Not wanting to be left out, the ABC soon followed suit. In a 2022 Four Corners episode, “War Games”, the premise of a likely war with China regarding Taiwan was established, proclaiming: “It’s increasingly becoming a question of when — not if — China will launch an assault. Experts say it could be as early as 2025.”
On August 11, 2025, Sky News Australia broadcast “The War Cabinet”, a special one-hour program screened live from the Cabinet Room of Old Parliament House in Canberra, from where former prime minister John Curtin had guided Australia through World War II. Widely promoted across News Corp’s platforms, the program was described as “an exclusive event” in which the reporter asks a panel of experts the pressing question: “Are we ready for war?”

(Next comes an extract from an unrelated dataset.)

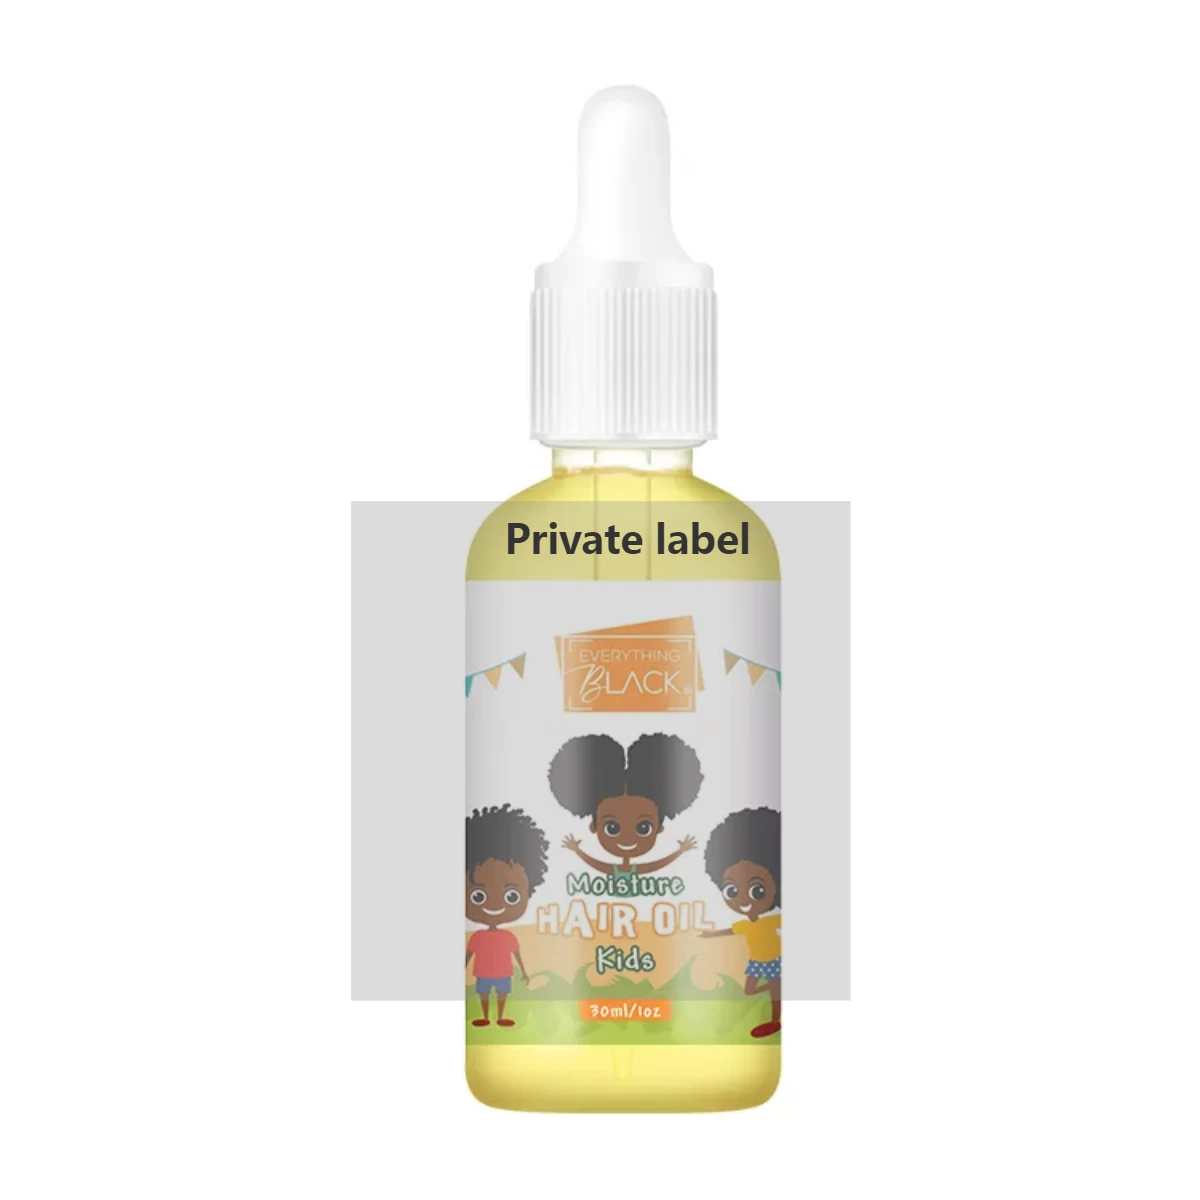 EVERYTHINGBLACK Private Label Protects And Smooth Natural Hair Care Sets For Kids Without Sulfate And Paraben

Despite the US currently showing signs of de-escalation with China, and despite a vibe shift among the American public identified by some China watchers, and despite European leaders lining up to go to Beijing to reset their respective bilateral relationships, the China threat narrative is not dying down in Australia. There are a number of reasons for this.
First, the government’s bipartisan position with the Coalition towards the US and China has not changed. Australia seems to demonstrate its middle power status not by forming its own independent foreign policy, but by lending legitimacy to one particular superpower. AUKUS is “on track” and will go “full-steam ahead”.
Second, for the media, the threat of an attack from China is a profitable line of reporting — war and Chinese spy narratives make good television. For instance, “Poking the Panda” has so far attracted over 14 million views on YouTube, while another 60 Minutes episode, “War with China”, has almost 16 million (compare these with the figures for domestic stories from around the same period — for instance, the 2022 60 Minutes investigation into an Australian church’s attempts to infiltrate politics, which has received only about 29,000 views).
Finally, the symbiotic alliance of securitisation is not going away. In the context of discussing the agenda-setting role of the 2017 Four Corners episode “Power and Influence: How China’s Communist Party Is Infiltrating Australia”, international relations scholar Andrew Chubb identifies what he calls a “securitising coalition” that involves security officials, politicians and journalists. He observes: “Once convinced of the threat, they [journalists] became active securitisers, driving threat perceptions downward and outward to mass audiences.”
While the US tariffs may well be hitting some industries hard, the “war with China” industry looks set to survive and thrive. However, this narrative now has to compete with the wall-to-wall coverage of the real war currently being waged by the nation that our foreign affairs minister identifies as our “closest ally, and our principal economic and strategic partner”.